Though it has actually been around for sometime, it has
recently hit the media; and if you have not heard or read
about it... you will!
The
seriousness of MRSA is twofold:
1.
Those who have MRSA are at risk of transmitting it to someone
else. While this isn't really a problem for otherwise healthy
people, if it is transmitted to the sick or the elderly,
it can cause significant problems because they are the ones
that are more at risk for developing these types of infections.
2.
The over prescription of antibiotics and the use of antibiotics
in everything from animal feed to antibacterial household
cleansers has created an environment for the weakened bacteria
to die off and a stronger bacteria to adapt and mutate into
even more resistant strains.
Miriam
Webster's dictionary defines antibiotic as:
1. Tending to prevent, inhibit, or destroy life
2. Of or relating to antibiosis
Antibiosis
is defined as:
1. Antagonistic association between organisms to the detriment
of one of them or between one organism and a metabolic product
of another.
The
use of antibiotics is precarious at best, and we have through
overuse and improper use come full circle in becoming the
organism to which the antagonistic effects are directed.

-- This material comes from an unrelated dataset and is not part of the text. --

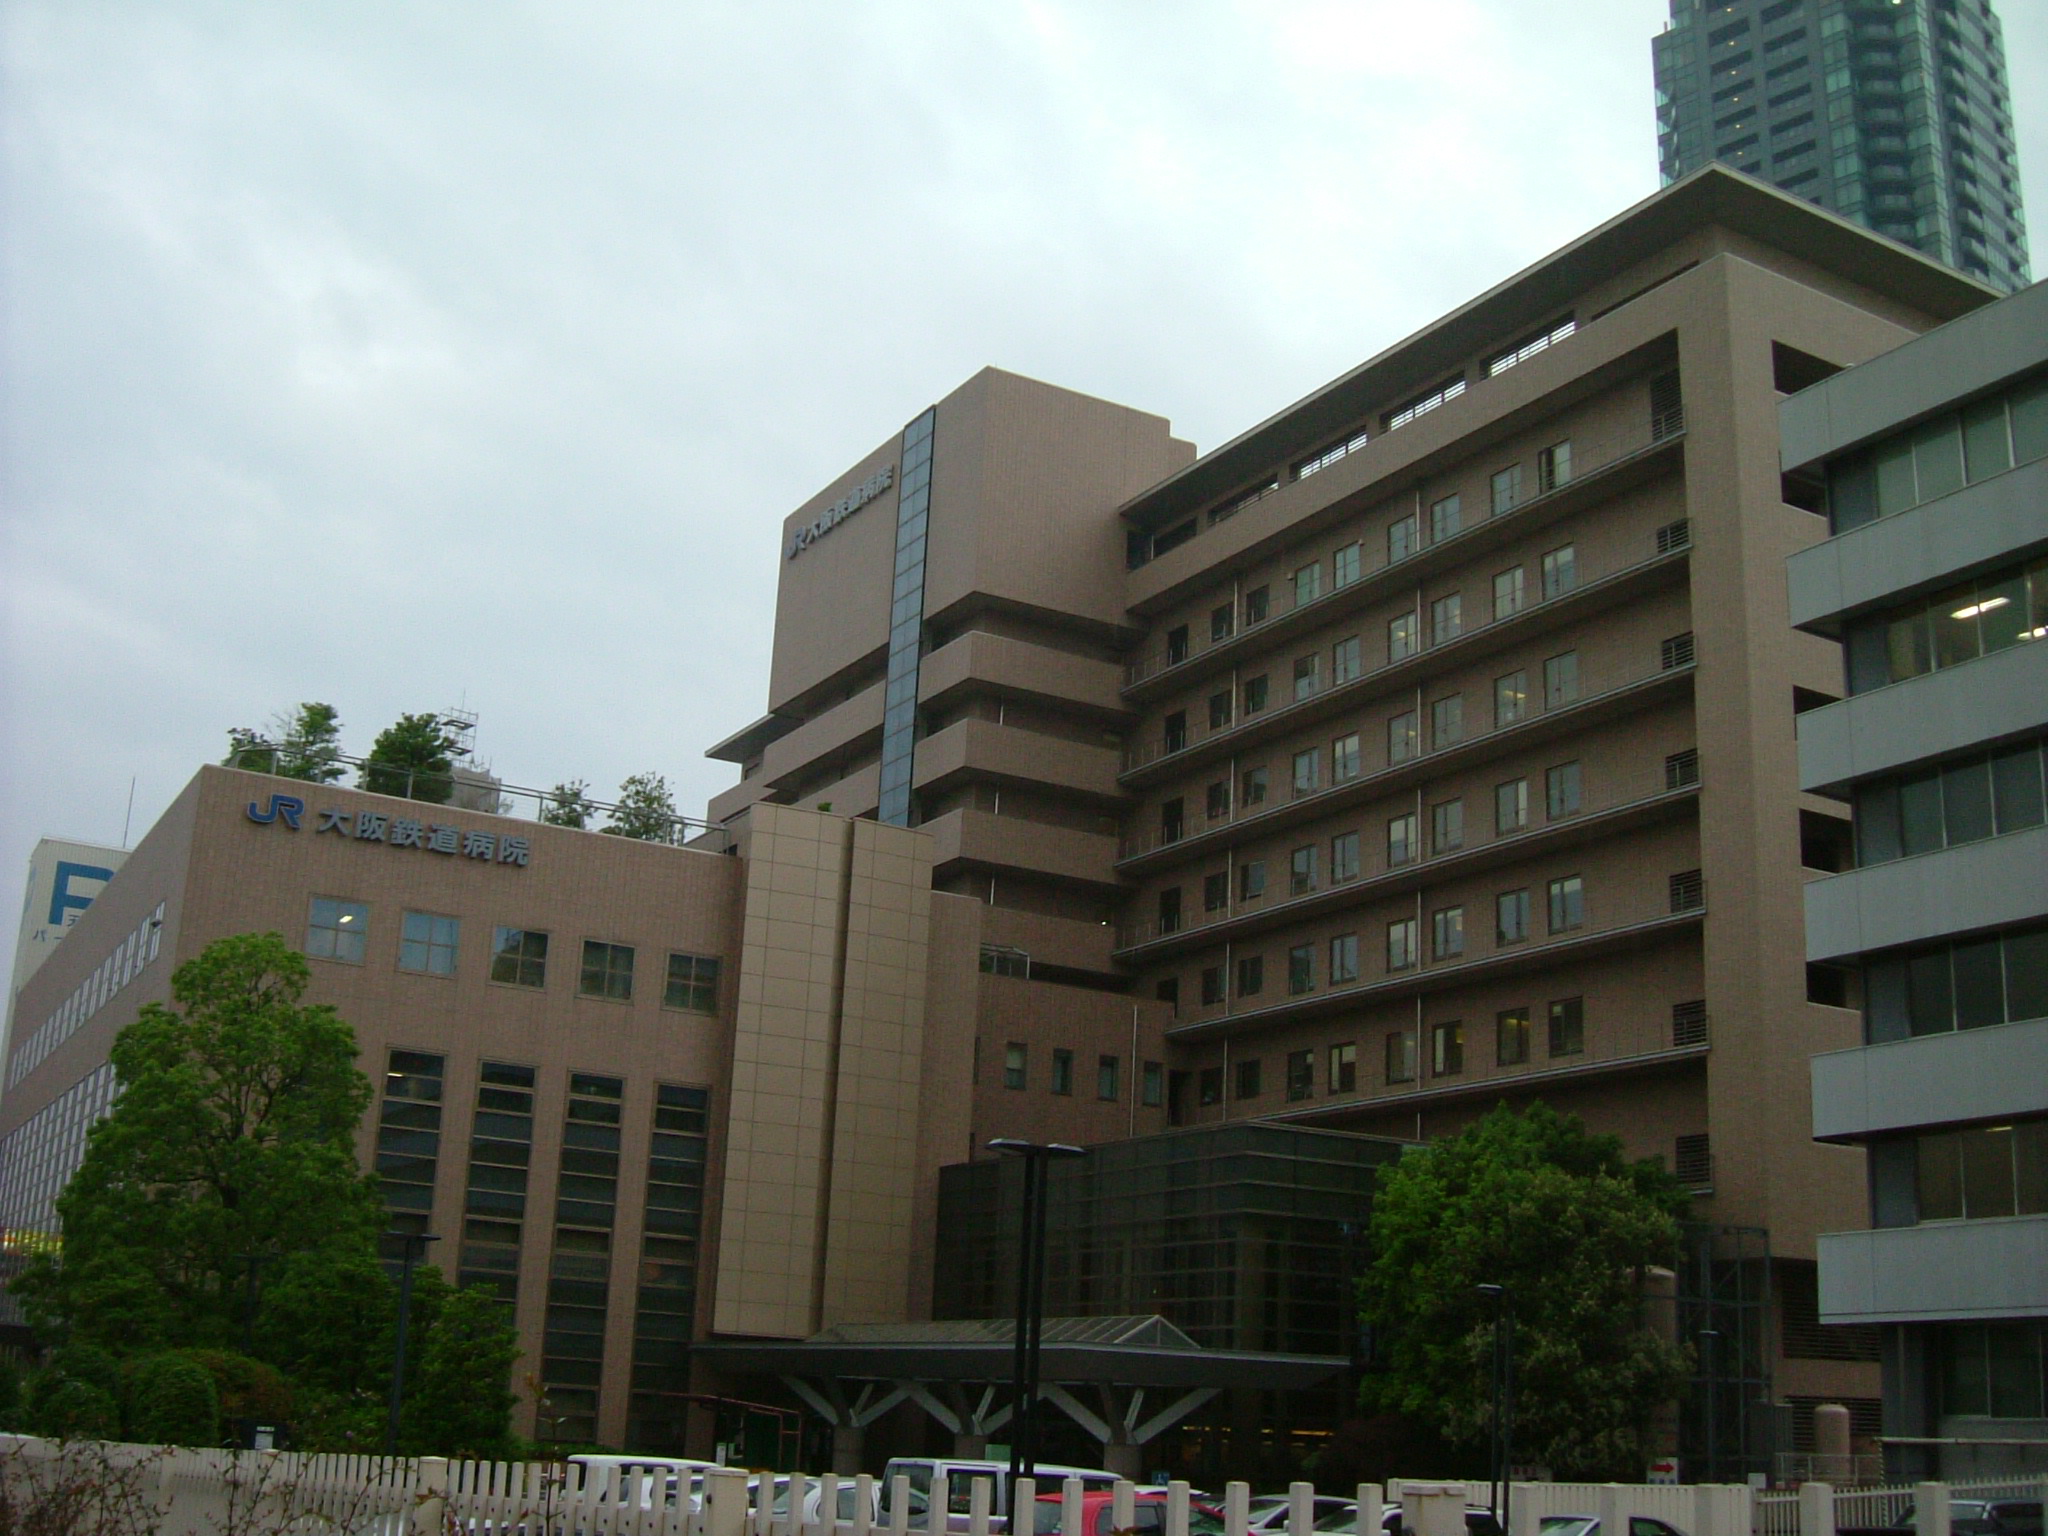 Hospital. 984m to Osaka railway hospital (hospital)

We have created a situation that will require a change in
our focus from defense to offense, and from fear to education
and prevention. Our true power lies in the ability to adapt
and grow stronger, just as the model for the proliferation
of the bacteria. Antoine Beauchamp, a well-known contemporary
of Louis Pasteur, felt that the inner terrain was far more
important in determining whether illness manifested or not.
It makes sense to evaluate our status in regards to our
environmental, emotional and spiritual well being to insure
a strong immune system. Without the strong physical foundation
of a well functioning immune system we become prey to every
new virus or bacteria that arises. The pharmaceutical companies
know this is true and yet they continue to look for even
stronger antibiotics. Where will it stop?